The performance tests are never run by default.

I don't think we should spend too much time caring about performance
of sorting close to Out Of Memory conditions. We don't try to optimize
std::vector or other cases to work when close to OOM.

So I think just reducing the memory usage is the right approach here.

Regarding this stack overflow issue, is there some routine to find out how many levels of function calls can be added before reaching the stack overflow ? I could perhaps call __builtin_alloca and check the result but that smells. If I could find out this we could fallback on an iterative approach to complete the merge.

No, alloca is inherently unsafe. Please don't even consider it :-)


    PR libstdc++/83938
    * include/bits/stl_algo.h:
    (__inplace_merge): Take temporary buffer length from smallest range.
    (__stable_sort): Limit temporary buffer length.
    * include/bits/stl_tempbuf.h (get_temporary_buffer): Change __len
    computation in the loop.

Please use "Change __len computation in the loop to avoid truncation."

It's a bit more descriptive.

    * testsuite/25_algorithms/inplace_merge/1.cc (test3): Test all possible
    pivot positions.
    * testsuite/performance/25_algorithms/inplace_merge.cc: New.
    * testsuite/performance/25_algorithms/stable_sort.cc: Rework to allow
    execution with different memory constraints.

Ok to commit ?

François

On 6/9/19 4:27 PM, François Dumont wrote:
On 12/21/18 9:57 PM, Jonathan Wakely wrote:
On 29/10/18 07:06 +0100, François Dumont wrote:
Hi

    Some feedback regarding this patch ?

Sorry this got missed, please resubmit during stage 1.
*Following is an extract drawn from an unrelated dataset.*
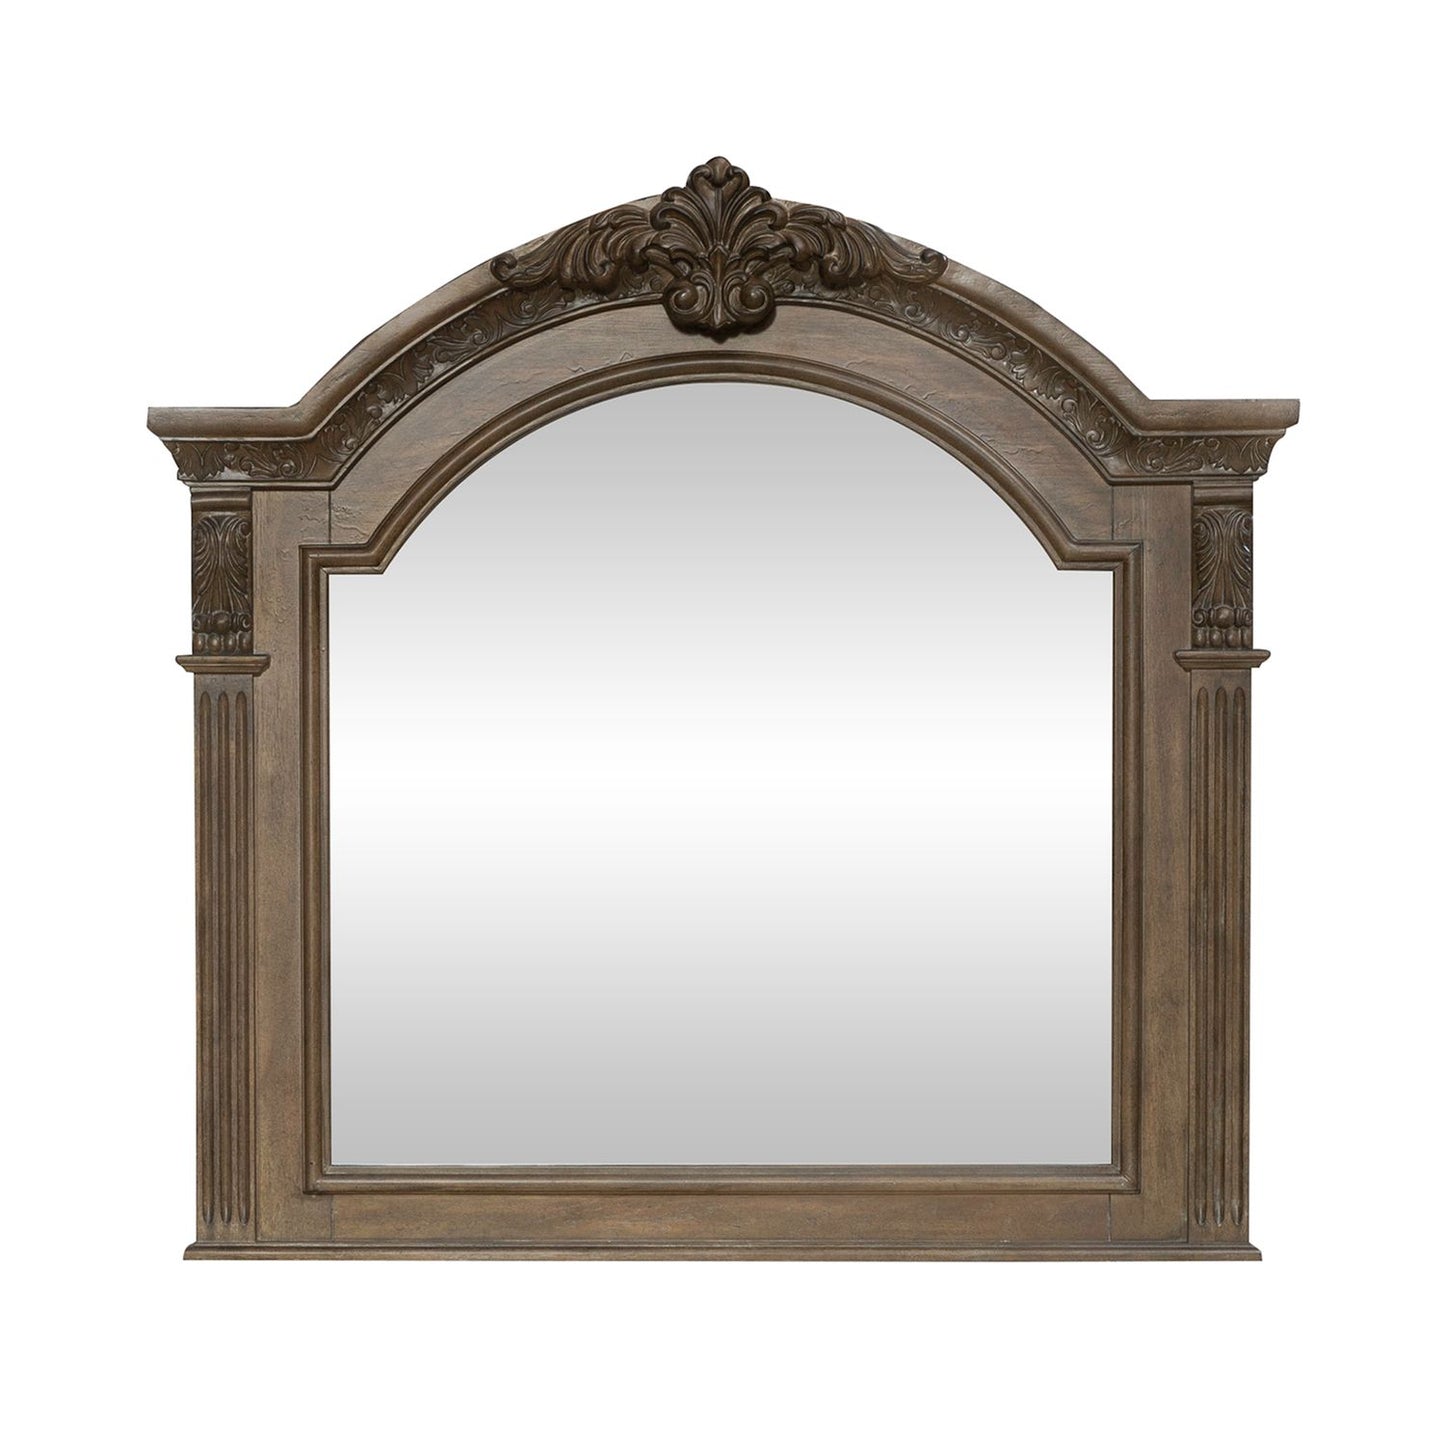 Carlisle Court - Arched Mirror

You haven't CC'd the original patch author (chang jc) to give them a
chance to comment on your proposed changes to the patch.

The attached PDF on PR libstdc++/83938 has extensive discussion of the
performance issue, but I don't see any for your version. Some
performance benchmarks for your version would be helpful.

Here is this patch again.

This time it is much closer to John's original one, I just kept my change on the size of the temporary buffer which doesn't need to be as large as it is currently allocated, especially with John's patch.
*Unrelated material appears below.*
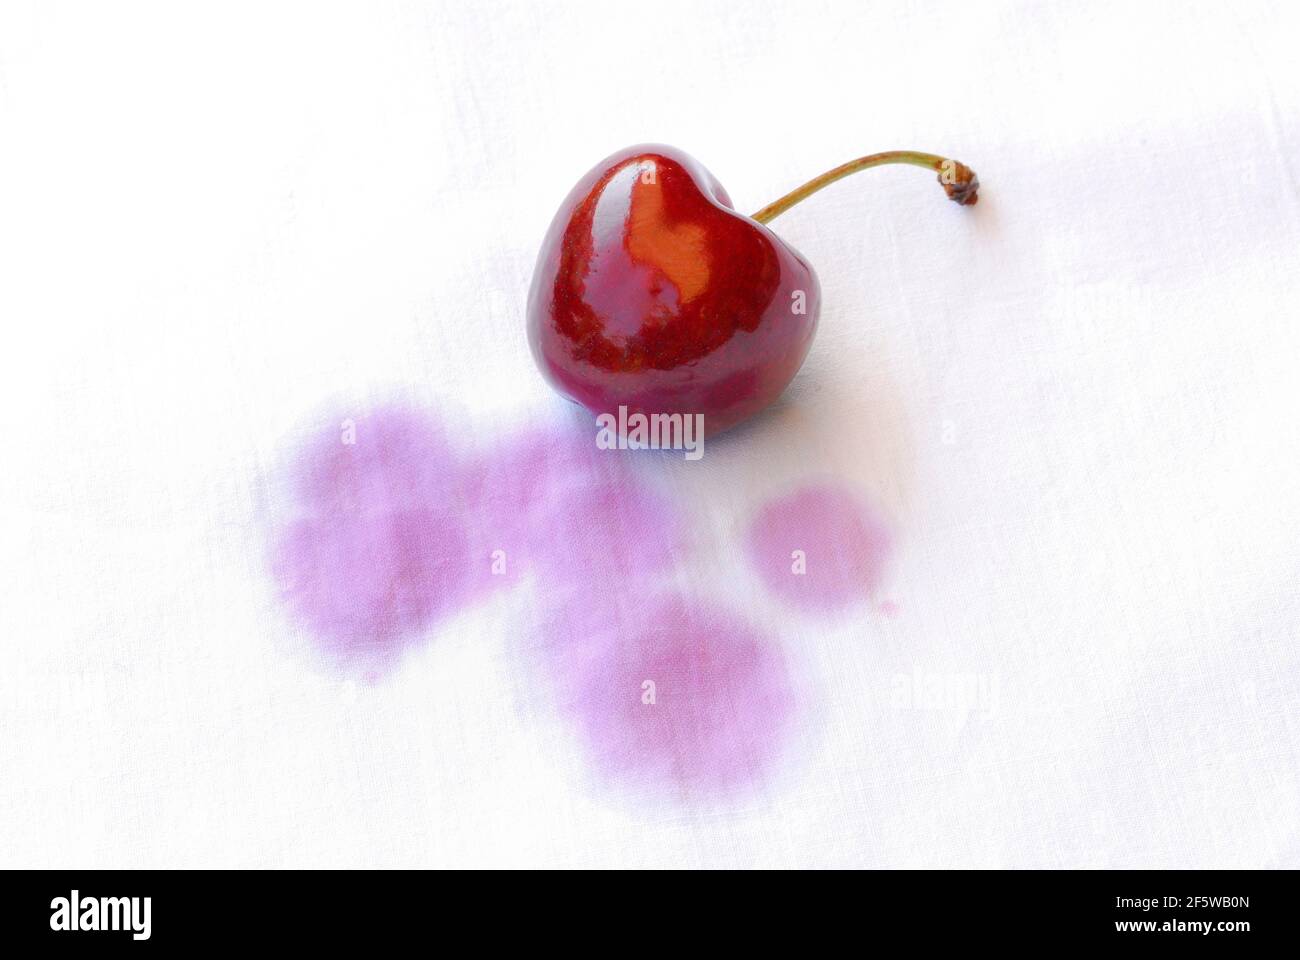 Stain, stains, cherry stain on fabric, cherry stain, cherry, cherry Stock Photo

The performance tests are showing the good improvements, attached are the before/after. Surprisingly I do not see any change regarding allocated memory, I guess measures are not accurate enough. However working on them also show that current implementation is fragile. If you reduce the allowed allocated memory too much you end up with a stack overflow because of the recursive implementation.
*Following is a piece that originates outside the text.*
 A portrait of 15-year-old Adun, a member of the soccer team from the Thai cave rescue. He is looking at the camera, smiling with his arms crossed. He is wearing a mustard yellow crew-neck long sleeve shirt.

I already have a patch to keep on trying to allocate memory as long as above a given threshold rather than 0 but I am also working on making implementation non-recursive. We'll see if even a buffer of size 1 is better than no buffer at all then.

    PR libstdc++/83938
    * include/bits/stl_algo.h:
    (__merge_adaptive): When buffer too small consider smallest range first
    and cut based on buffer size.
    (__inplace_merge): Take temporary buffer length from smallest range.
    (__stable_sort): Limit temporary buffer length.
    * include/bits/stl_tempbuf.h (get_temporary_buffer): Change function
    to reduce requested buffer length on allocation failure.
    * testsuite/performance/25_algorithms/inplace_merge.cc: New.
    * testsuite/performance/25_algorithms/stable_sort.cc: Rework to allow
    execution with different level of memory.

François



diff --git a/libstdc++-v3/include/bits/stl_algo.h 
b/libstdc++-v3/include/bits/stl_algo.h
index ec651e2cc45..b396437443f 100644
--- a/libstdc++-v3/include/bits/stl_algo.h
+++ b/libstdc++-v3/include/bits/stl_algo.h
@@ -2530,7 +2530,7 @@ _GLIBCXX_BEGIN_NAMESPACE_VERSION
      const _DistanceType __len2 = std::distance(__middle, __last);

      typedef _Temporary_buffer<_BidirectionalIterator, _ValueType> _TmpBuf;
-      _TmpBuf __buf(__first, __len1 + __len2);
+      _TmpBuf __buf(__first, std::min(__len1, __len2));

Please add a comment before this saying something like:

      // __merge_adaptive will use a buffer for the smaller of
      // [first,middle) and [middle,last).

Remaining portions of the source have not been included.